Comencemos, pues, planteando la cuestión del terreno de la
incompatibilidad entre efectos equivalenciales y autonomía. Lógica de la
equivalencia en primer término. Ya hemos señalado que, en la medida en
que el antagonismo tiene lugar no sólo en el espacio dicotómico que lo
constituye, sino en el campo de una pluralidad de lo social que desborda
siempre a ese espacio, es sólo saliendo de sí y hegemonizan do elementos
externos, que se consolida la identidad de los dos polos del antagonismo.

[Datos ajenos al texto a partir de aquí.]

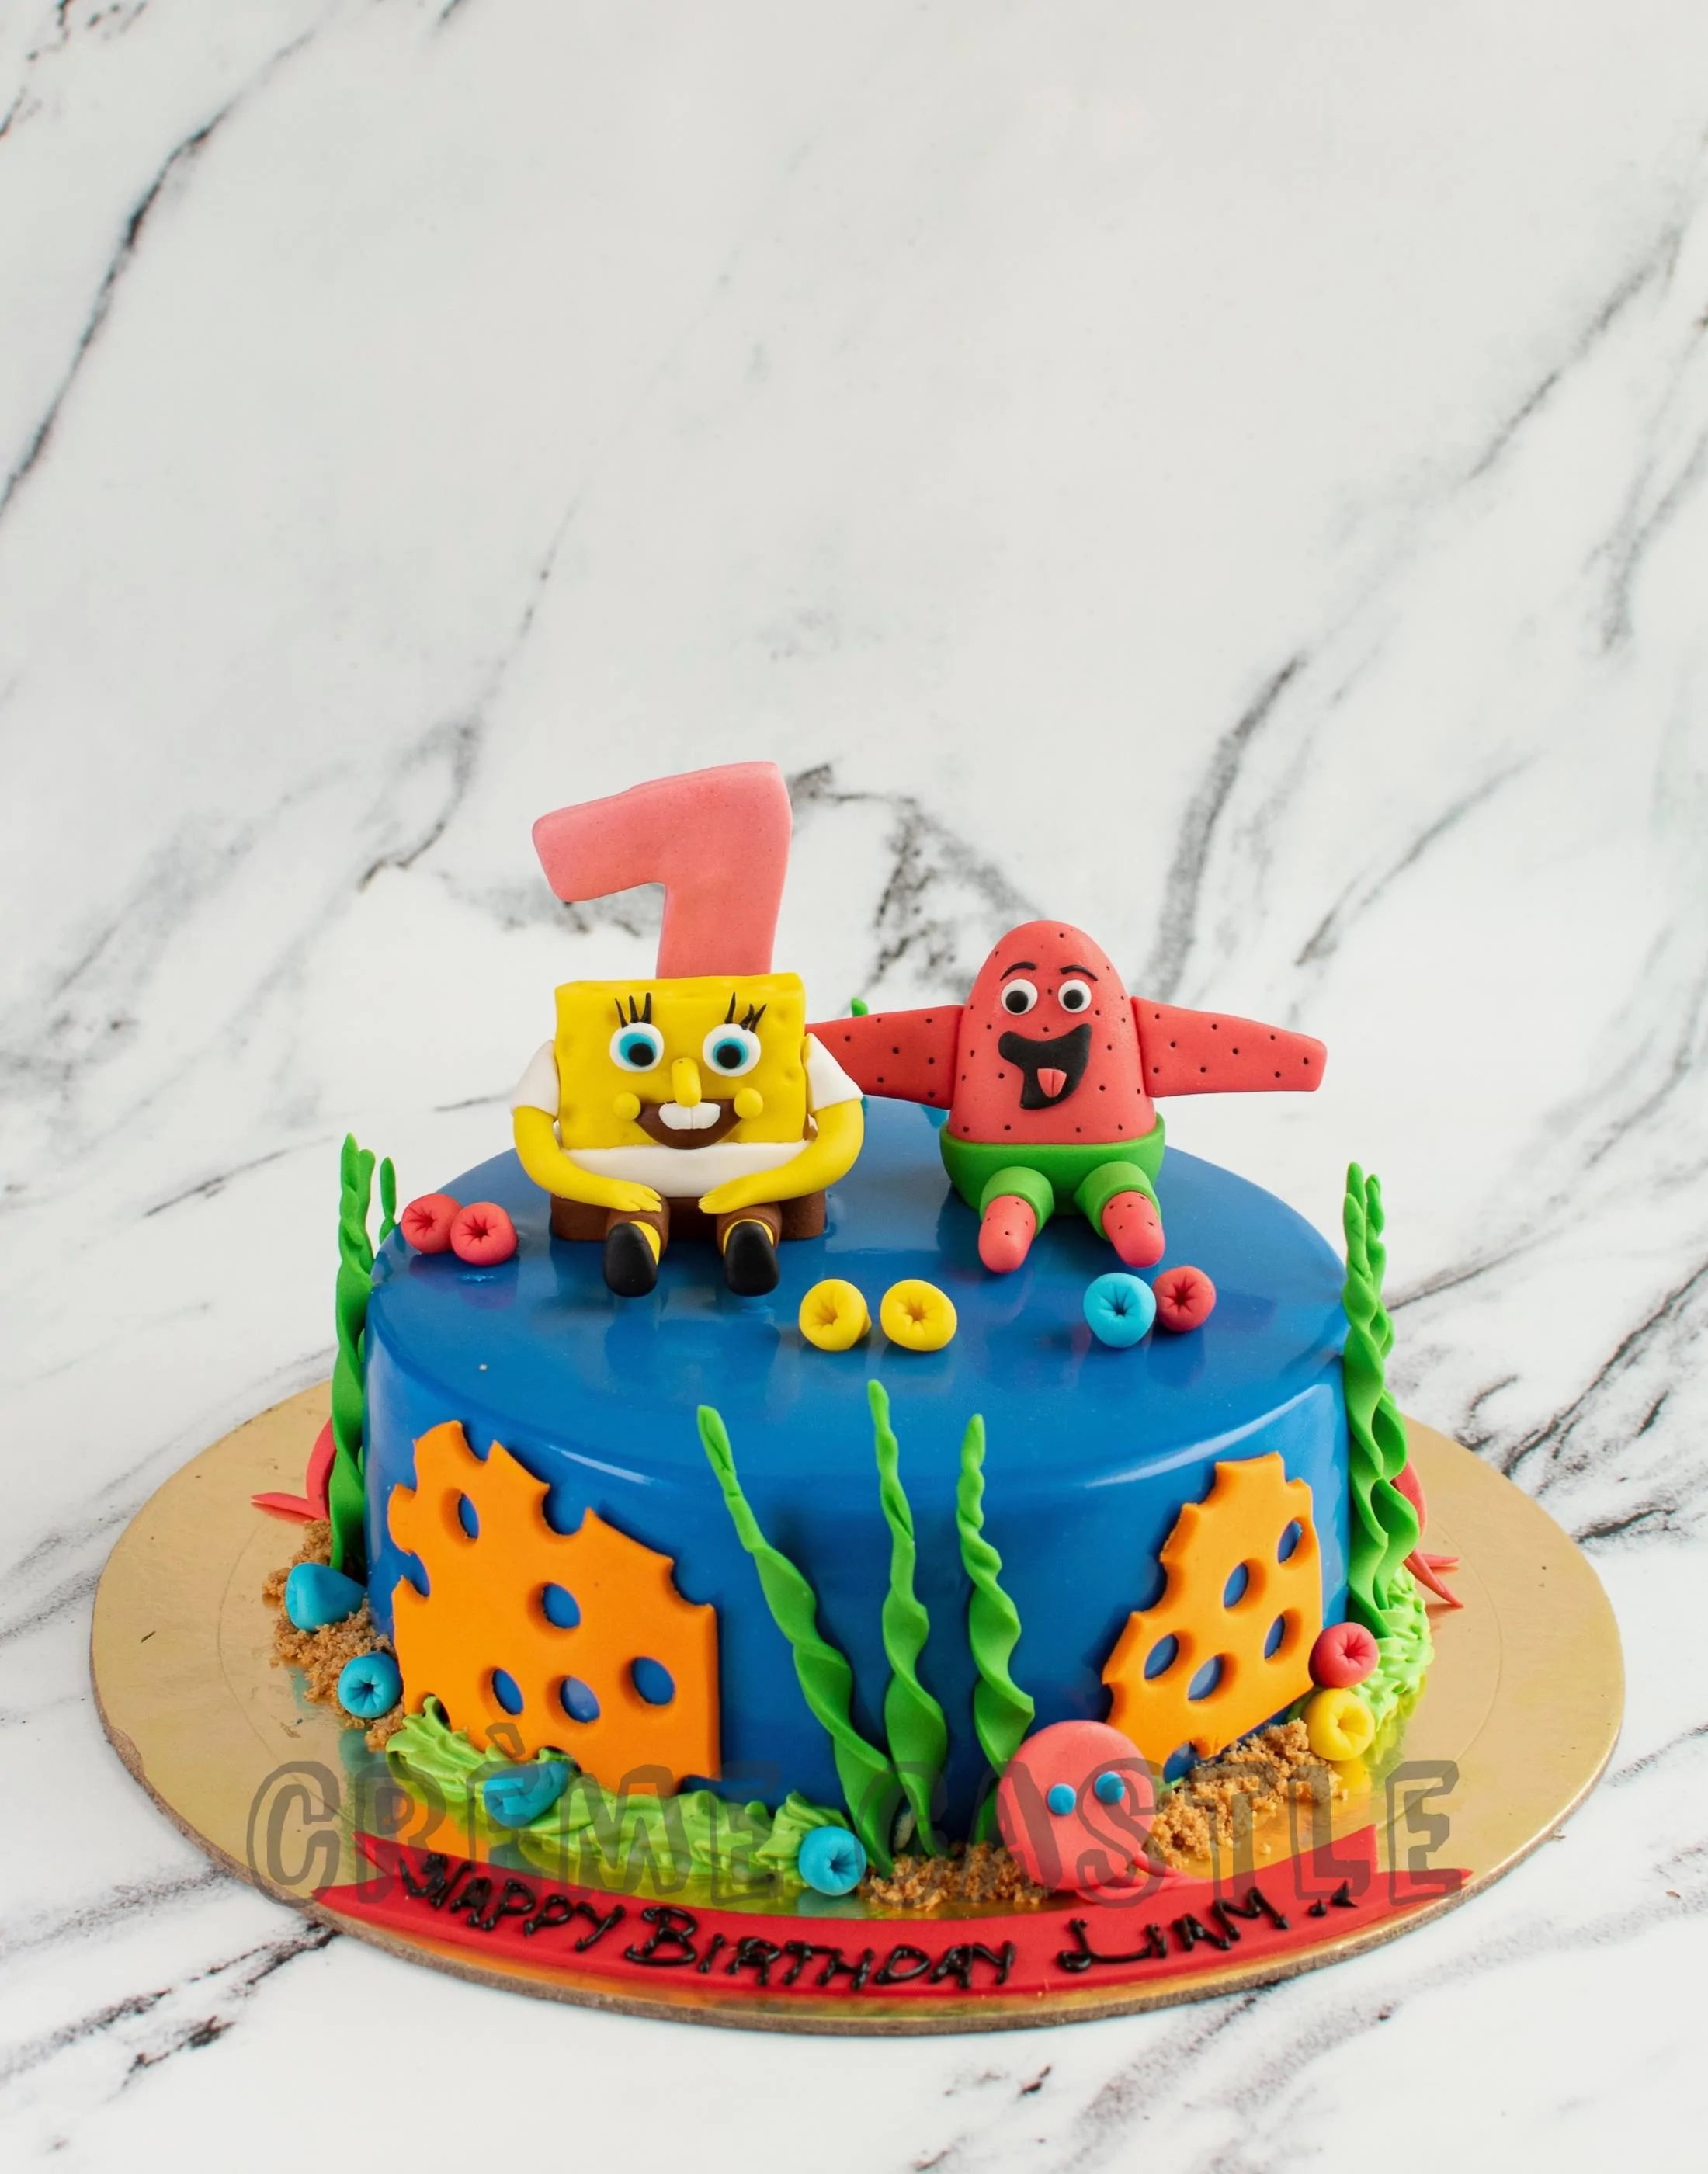 SpongeBob SquarePants Layer Cake - Classy Girl Cupcakes

El afianzamiento de luchas democráticas específicas requiere, por tanto, la
expansión de cadenas de equivalencia que abarquen a otras luchas. La
articulación equivalencial entre antirracismo, antisexismo y
anticapitalismo, por ejemplo, requiere una construcción hegemónica que,
en ciertas condiciones, puede ser condición de consolidación de cada una
de estas luchas. La lógica de la equivalencia, por tanto, llevada a sus
últimos extremos, implicaría la disolución de la autonomía de los espacios
en los que cada una de estas luchas se constituye no necesariamente
porque algunas de ellas pasarán a estar subordinadas a las otras, sino
porque todas ellas habrían, en rigor, llegado a ser símbolos equivalentes de
una lucha única e indivisible. El antagonismo habría logrado así las
condiciones de una transparencia total, en la medida en que habría
eliminado todo desnivel y habría disuelto la especificidad diferencial de
los espacios de constitución de cada una de las luchas democráticas.
Lógica de la autonomía, en segundo término. Cada una de estas luchas
mantiene su especificidad diferencial respecto a las otras. Los espacios
políticos en los que cada una de ellas se constituye son distintos e
incomunicables. Pero es fácil advertir que esta lógica aparentemente
libertaria, sólo se sostiene sobre la base de un nuevo cierre. Porque si cada
lucha transforma al momento de su especificidad en un principio idéntico
absoluto, el conjunto de estas luchas sólo puede ser concebido como
sistema absoluto de diferencias, y este sistema sólo es pensable como
totalidad cerrada. Es decir, que la transparencia de lo social ha sido
simplemente transferida de la unicidad e inteligibilidad de un sistema de
equivalencia, a la unicidad e inteligibilidad de un sistema de diferencias.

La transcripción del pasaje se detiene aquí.